In the pages of this publication we cover rainwater, even graywater, quite often. So naturally, I said yes to a health-focused seminar sponsored by Watts, a manufacturer of rainwater harvesting and water quality solutions. The event’s keynote speaker was Frank Sidari, technical director of the Special Pathogens Laboratory (SPL). He spoke about a growing concern regarding Legionella, which has surfaced in a couple of cases of late, even leading to a number of deaths in Illinois. “No one should die from a preventable disease caused by bacteria in water,” said Sidari, who pointed out it is found 30%-50% of all cooling towers—begging the question as to whether it’s time to re-evaluate traditional HVAC and plumbing systems in context other than achieving more precise control and efficiencies. But even if such measures are taken by more proactive design teams, because there is little to no testing for it, even public water supplies

may contaminate the plumbing systems of large buildings. In fact, Sidari says Legionella bacteria are found in 50% of all building water systems—up to 60% of large high-rise buildings—and in hospitals, the number can be as high as 70%. Legionella typically manifests itself in a building’s warm water systems, but it’s sometimes found in decorative fountains, pools, spas—so take that into consideration when implementing more aggressive rainwater harvesting measures, as sometimes, in the zeal to save water, there is not enough water flow within piping systems to prevent such issues. Other variables, such as distribution, velocity and temperature, play an important part for risk reduction. But I believe water testing should be on the level of imperative as water conservation.

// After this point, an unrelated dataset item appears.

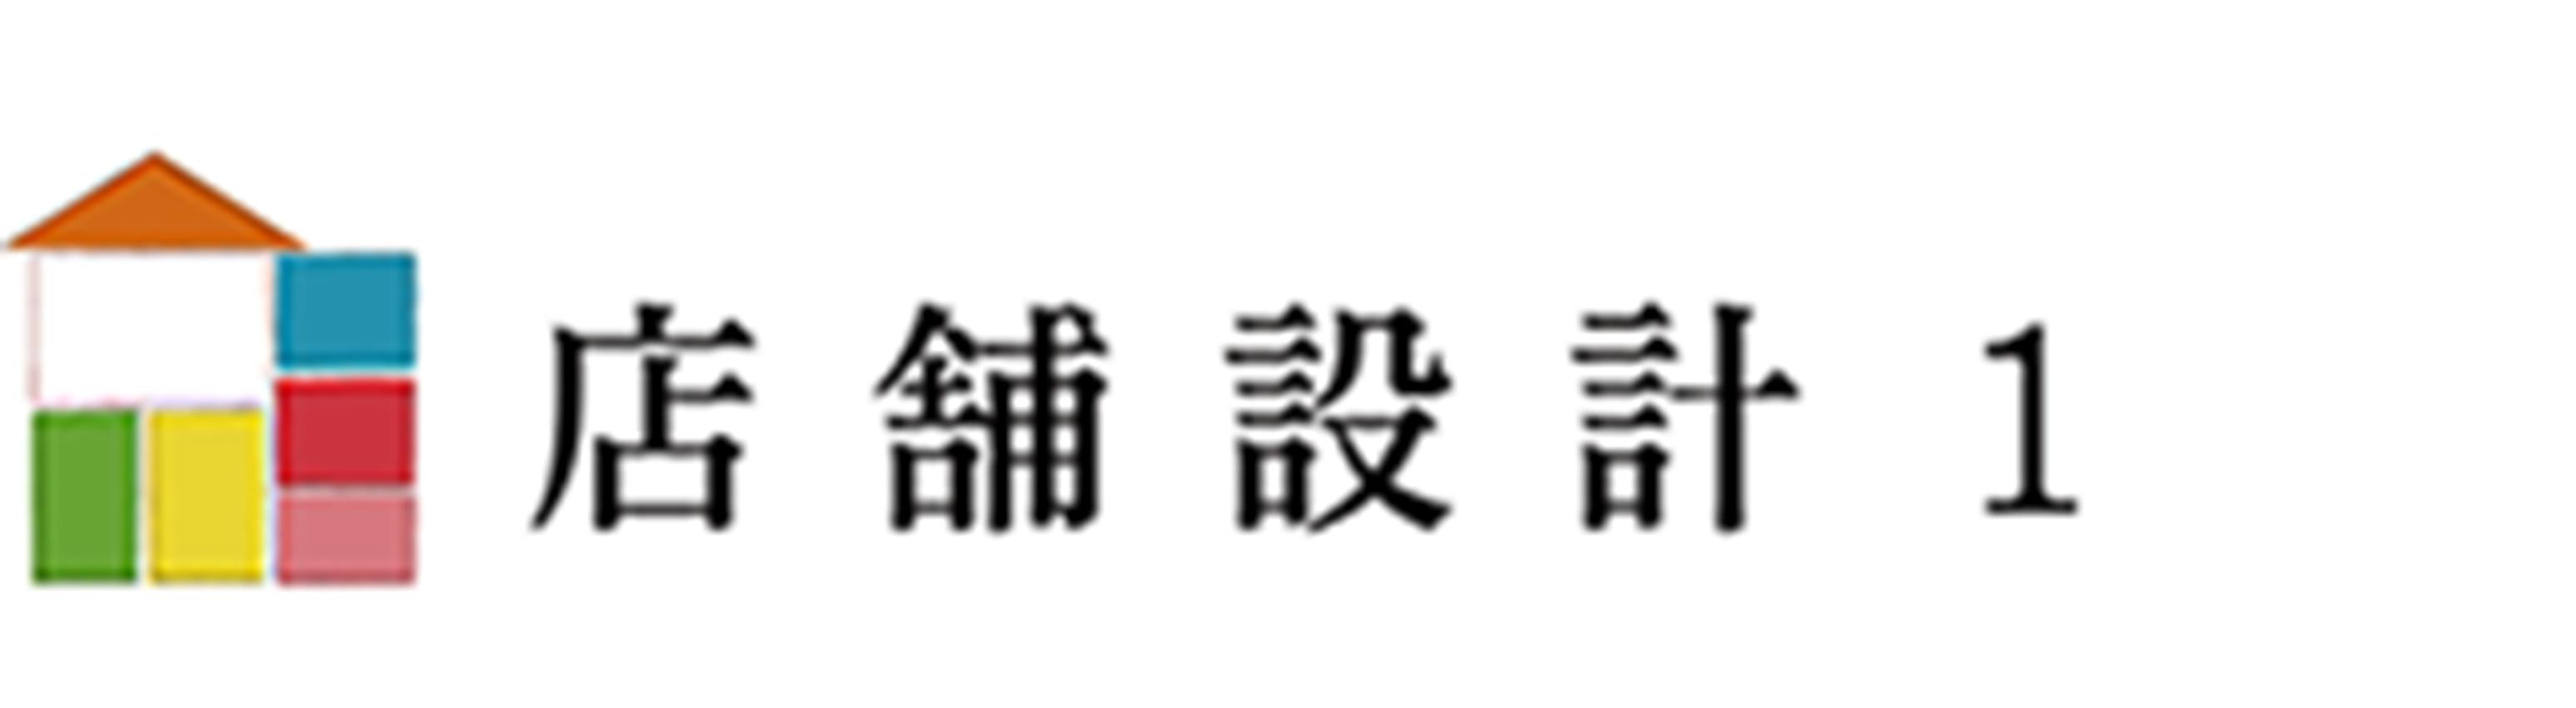 sekoujirei_title_10

Risk factors, such as water supply, building use and size, system design and hot water set-up, all contribute to a safe and effective plumbing system. Safeguarding against potential health hazards, or even possible future legal issues, seems like a logical reason to “monitor” these pathogens. Doing so is not such a far-flung notion; in New York state, environmental assessments require a Legionella sampling, and that a risk-management plan be put in place in cases where <30% distal outlet positivity requires corrective action. Standards are also already in place, as ASHRAE 188, which was approved in 2015 and revised in 2018, establishes minimum Legionellosis riskmanagement requirements. Their code adoption is another matter.


Do It Right the First Time

Understand that zero Legionella is not the goal, as according to the SPL, a level of zero Legionella is virtually impossible in complex water systems—zero cases, via protective measures, is the goal. As we’ve found in covering most projects achieving net zero, an aggressive water management plan is a big part of the process. I’m arguing that plan should be expanded to consider this health issue, as well-being is often as important a factor as efficiency in many such projects. Of course, each building owner must assess the risk and validate their water management plans. But in the end, such a risk assessment may just save your client’s life.